Лицо его выражало глубокую печаль, рассеянный взгляд был устремлен на посетителей, а в руках он все еще держал палки, за которыми ходил в рощу. Узнав старых знакомых, он вздрогнул.
– Эйбл Уиттл, ты ли это? – воскликнул Фарфрэ.
– Ну да, сэр! Видите ли, он помогал моей матери, когда она жила здесь внизу, хотя со мной обращался грубо.
– О ком ты говоришь?
– Ах, сэр… мистер Хепчет! Неужто вы не знаете? Его уже нет… прошло с полчаса, судя по солнцу, – ведь часов у меня не водится.
– Неужели он… умер? – проговорила Элизабет-Джейн срывающимся голосом.
– Да, сударыня, помер! Он помогал моей матери, когда она жила здесь внизу, посылал ей лучший корабельный уголь – золы от него почти не остается, – и картошку, и прочее, в чем она очень нуждалась.
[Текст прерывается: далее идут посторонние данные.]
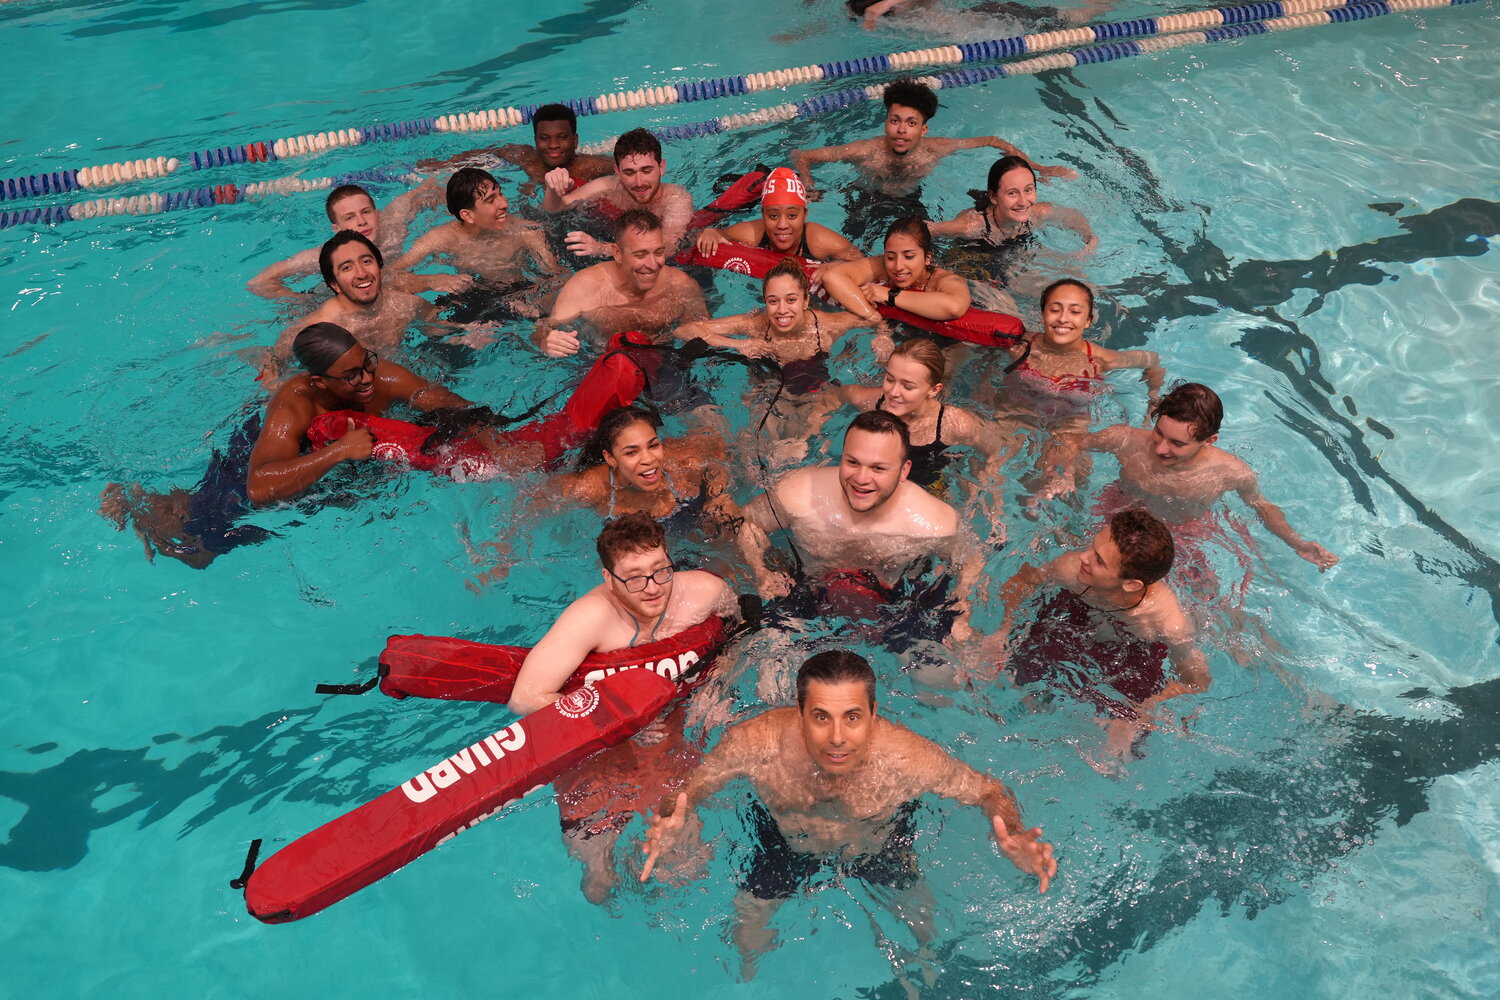 As summer in Freeport comes to a close, Tom Arena, the Freeport Recreation Center’s aquatics coordinator, and his dedicated lifeguard team have been unwavering in their commitment to ensuring the safety of swimmers across the community’s pools.

Я видел, он шел по улице в ту ночь, когда вы, ваша милость, венчались с дамой, что теперь стоит рядом с вами, и мне показалось, будто он не в себе и покачивается. И вот я пошел за ним следом по дороге, а он повернулся, увидел меня и говорит: «Эй вы, уйдите!» Но я пошел за ним, а он опять обернулся и говорит: «Уиттл, зачем ты идешь за мной? Сколько раз тебе говорить?» А я говорю: «Я иду, сэр, потому, что вижу, что дело ваше плохо, а вы моей матери помогали, хотя со мной обращались грубо, вот я и хочу вам помочь». Тогда он пошел дальше, а я за ним, и он уже больше не гнал меня. Так мы шли всю ночь, а на рассвете, чуть заря занялась, я поглядел вперед – вижу: он шатается и тащится из последних сил. Мы тогда уже прошли это место, а я, когда проходил мимо дома, видел, что он пустой, вот я и заставил его вернуться, содрал доски с окон и помог ему войти. «Эй, ты, Уиттл, – говорит он, – и к чему ты, бедный жалостливый дурак, заботишься обо мне, окаянном?» Тогда я пошел дальше, и тут одни дровосеки по-соседски одолжили мне койку, и стул, и кое-какую утварь, и все это мы притащили сюда и устроили его как можно удобнее. Но силы к нему не вернулись, потому что, видите ли, сударыня, он не мог есть – да, да, никакого аппетита у него не было, – и он все слабел и слабел, а нынче помер. Один сосед пошел сейчас за человеком, который с него мерку снимет.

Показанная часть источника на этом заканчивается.